Metal Tiger's funding commitment of the T3 Project has ceased following signing of this Agreement.
You're both right and wrong: we sold our 30% stake in T3, but as a result of that deal we have over 30 million MOD shares and zero-cost options for 40 million more. So we have a major interest in T3 success (whether mine development, JV, or MOD buy out) via our huge MOD shareholding.
Was going to write about KML soon. This is a nice RNS this morning. Values MTR's stake of KML at £1.735 million (43.9% of $5.2 million at 0.765 GBP to USD). A nice premium to the money MTR has invested in KML.
But the really big pay off comes when KML/MTR drill the anomalies they've found just a few miles from MOD's planned T3 mine and if they find commercial rates of copper there.
They've got prospective investments in a number of companies that I think might mutli-bag. That will depend on the market, those companies' performance and MTR's selection of investments.
The trading arm's stats are bound to look bad at the moment, as the entire commodity market has been in a downturn for the last year.
But remember the trading arm bought GGP at 0.1p, with warrants at 0.2p, and finally sold at 2.30p or thereabouts; and multibagged on KIBO and on LION too.
Lurker5
I think you were right to challenge my use of the word of "correct". It's why I used quotation marks originally. But let's try the argument another way with an analogy to the wider market. The older amongst us will remember he dot.com bubble, when sentiment was incredibly high - it drove share prices well beyond the intrinsic value of the companies affected. A decade later, after the financial crash, sentiment was incredibly low, and the FTSE100 dropped into the 3000s, well below the intrinsic value of the companies affected. For those brave enough to buy then it was a great opportunity, as the FTSE100 rose into the 7000s within a few years.

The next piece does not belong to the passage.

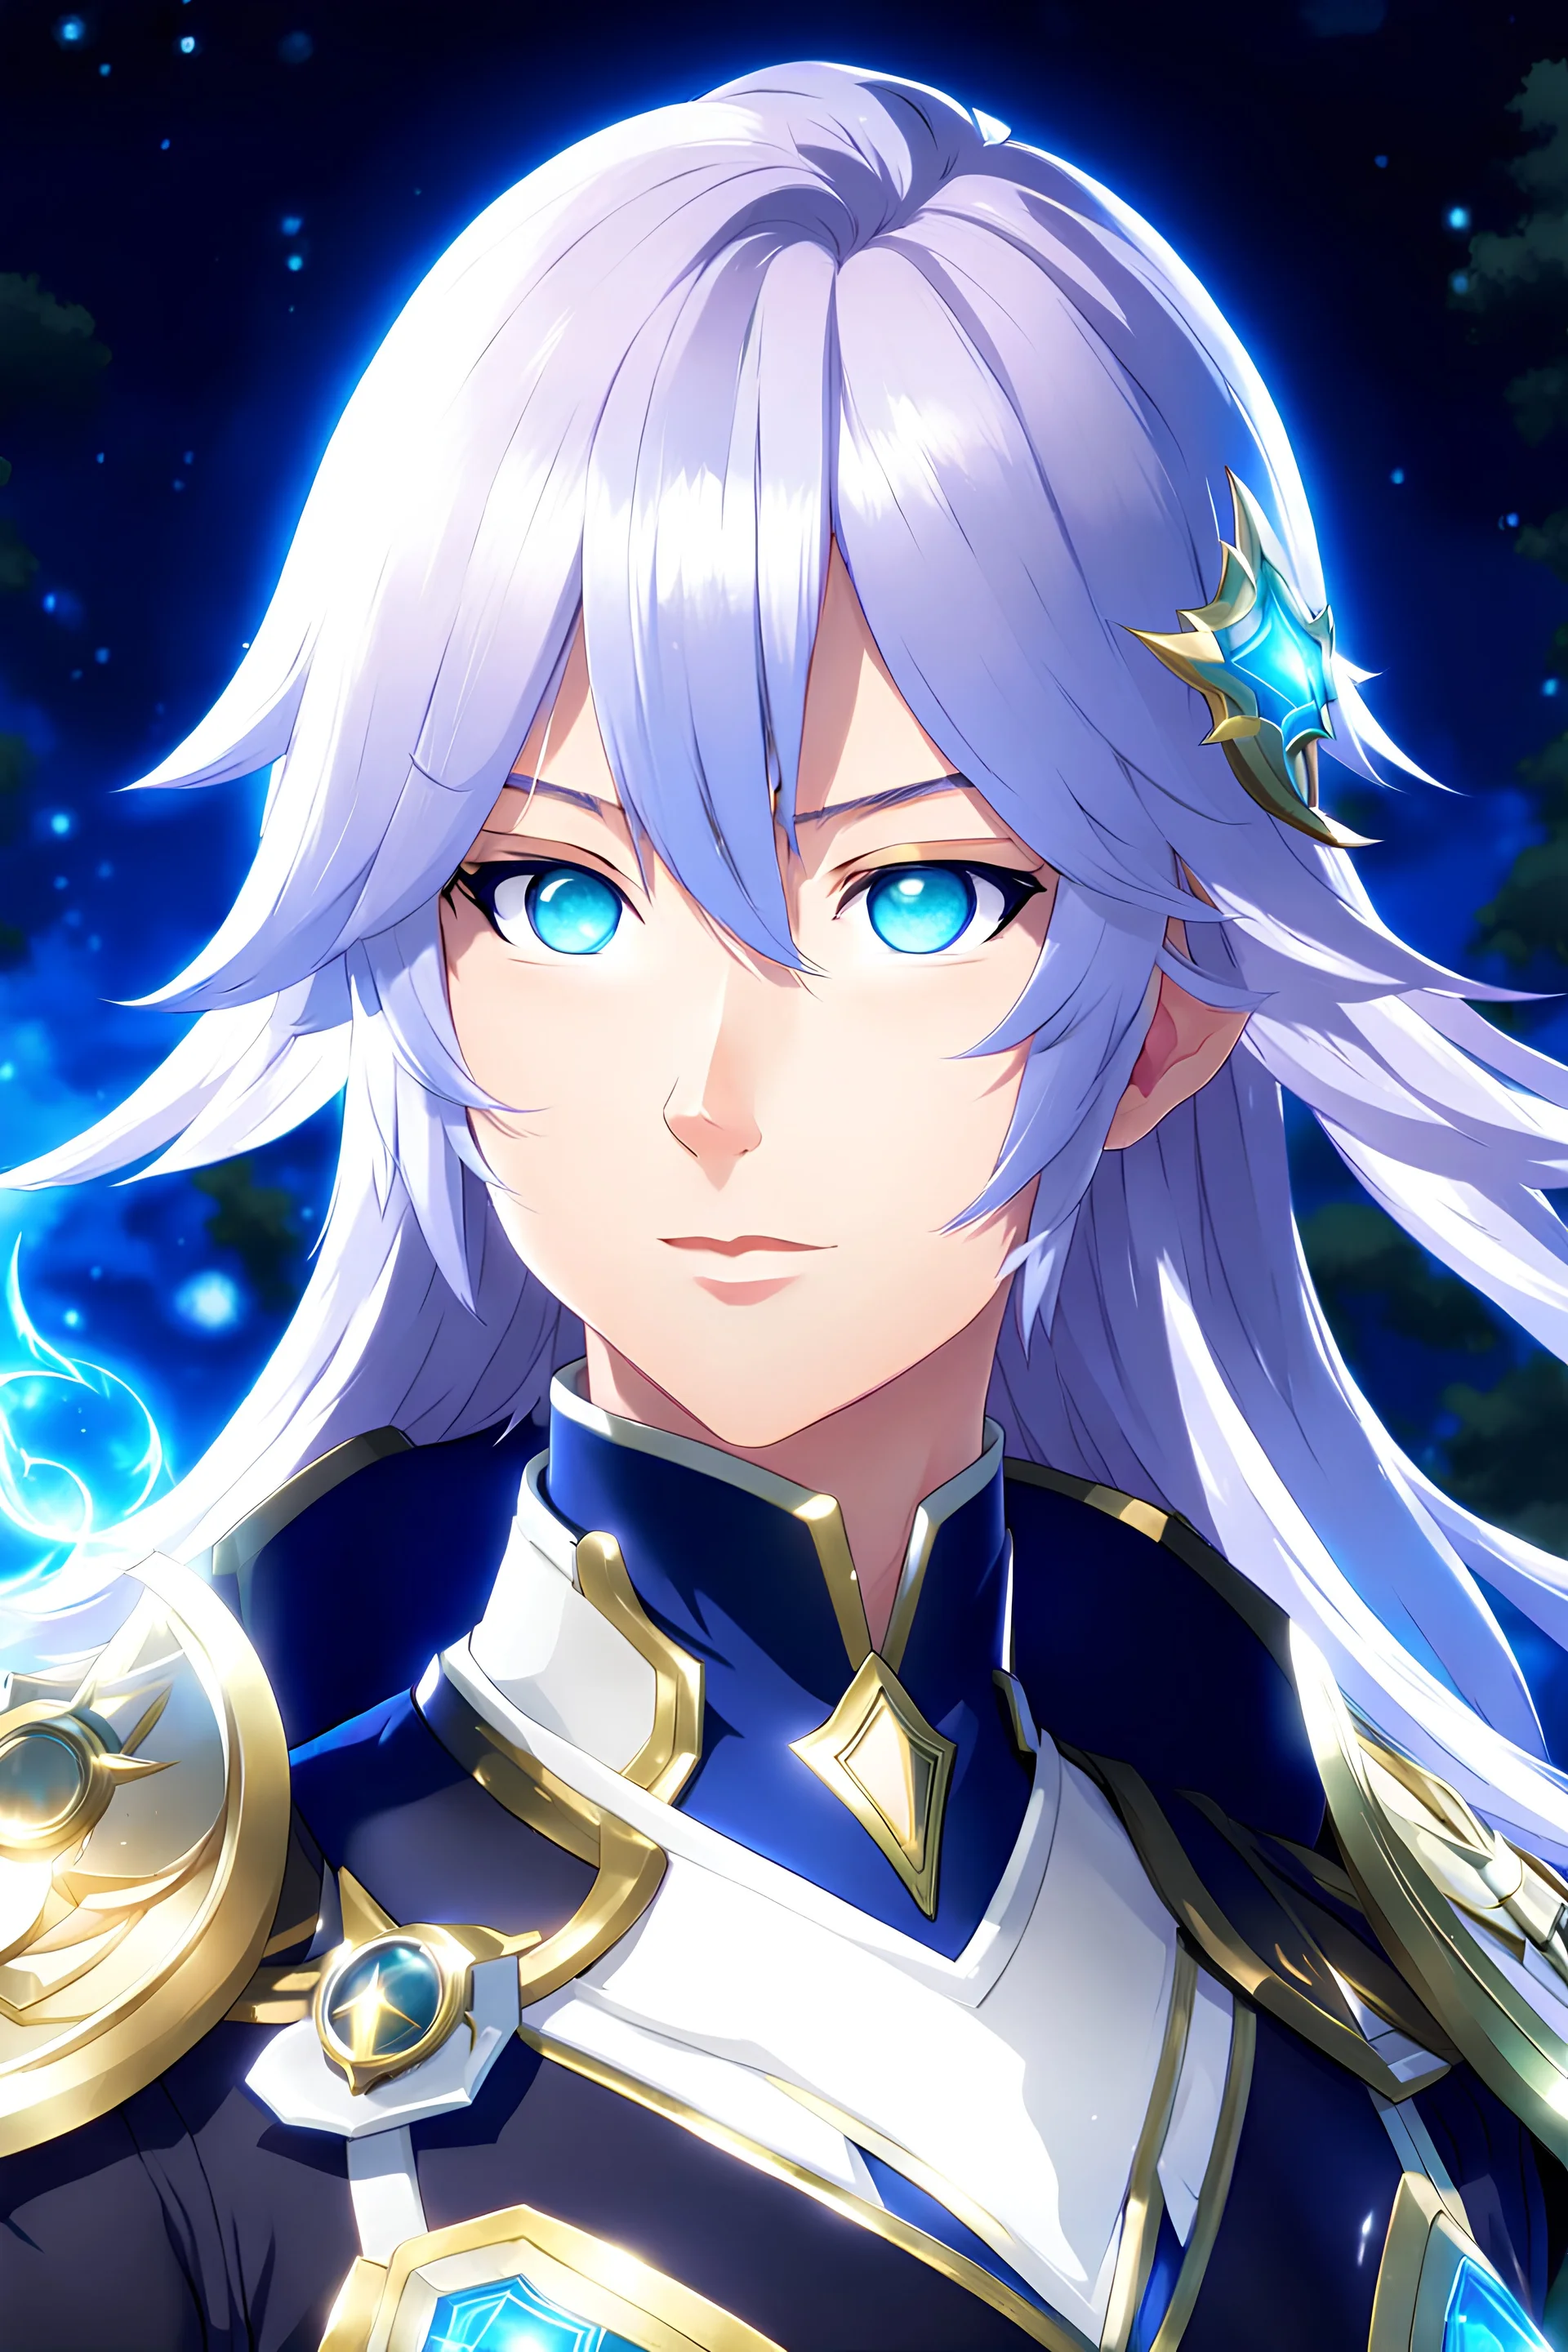 Portrait of Aether from Genshin impact.

My hypothesis is that MTR was in the former situation - overbought, driven by positive sentiment - last summer; and is now oversold, driven by negative sentiment. A great buying opportunity if I'm right.
Sorry - here is the CG report
https://www.modresources.com.au/sites/default/files/research_reports/Canaccord%20-%20DFS%20sets%20the%20scene.pdf
At the turn of the year, the copper price was $2.56/lb; it's now $2.91/lb
MOD has now published its DFS on T3, showing an ore reserve increased by 61% to 34.4 million tons. This gives a $368 million NPV at 8% discount over the 11 life of mine, based on a long-term copper price of $3.08/lb. Not bad for a company with a £60 million MCap. (And remember Wood Mackenzie predicts copper nearer to $4/lb.)
Soon we'll have the completion of the T3 infill drilling programme, after which MOD will move to drill at its A4 target. Sprott already gives MOD a $50 million exploration value.
On the back of this, Canaccord Genuity (CG) give MOD a price target of A$0.85. Now MOD is a client of CG so they have an interest in this. But their research report - see below - provides a clear rationale for their target.
IF MOD achieved that - e.g. through M&A, through improved Sandfire offer or an approach from another - then that would equate to 2.20p per share for MTR just for MTR's share of MOD (i.e. leaving aside MTR's share of the JV, its interests in KML and many other companies). That's a big if, of course. But that's one of the ways in which MTR's SP can recover significantly and quickly.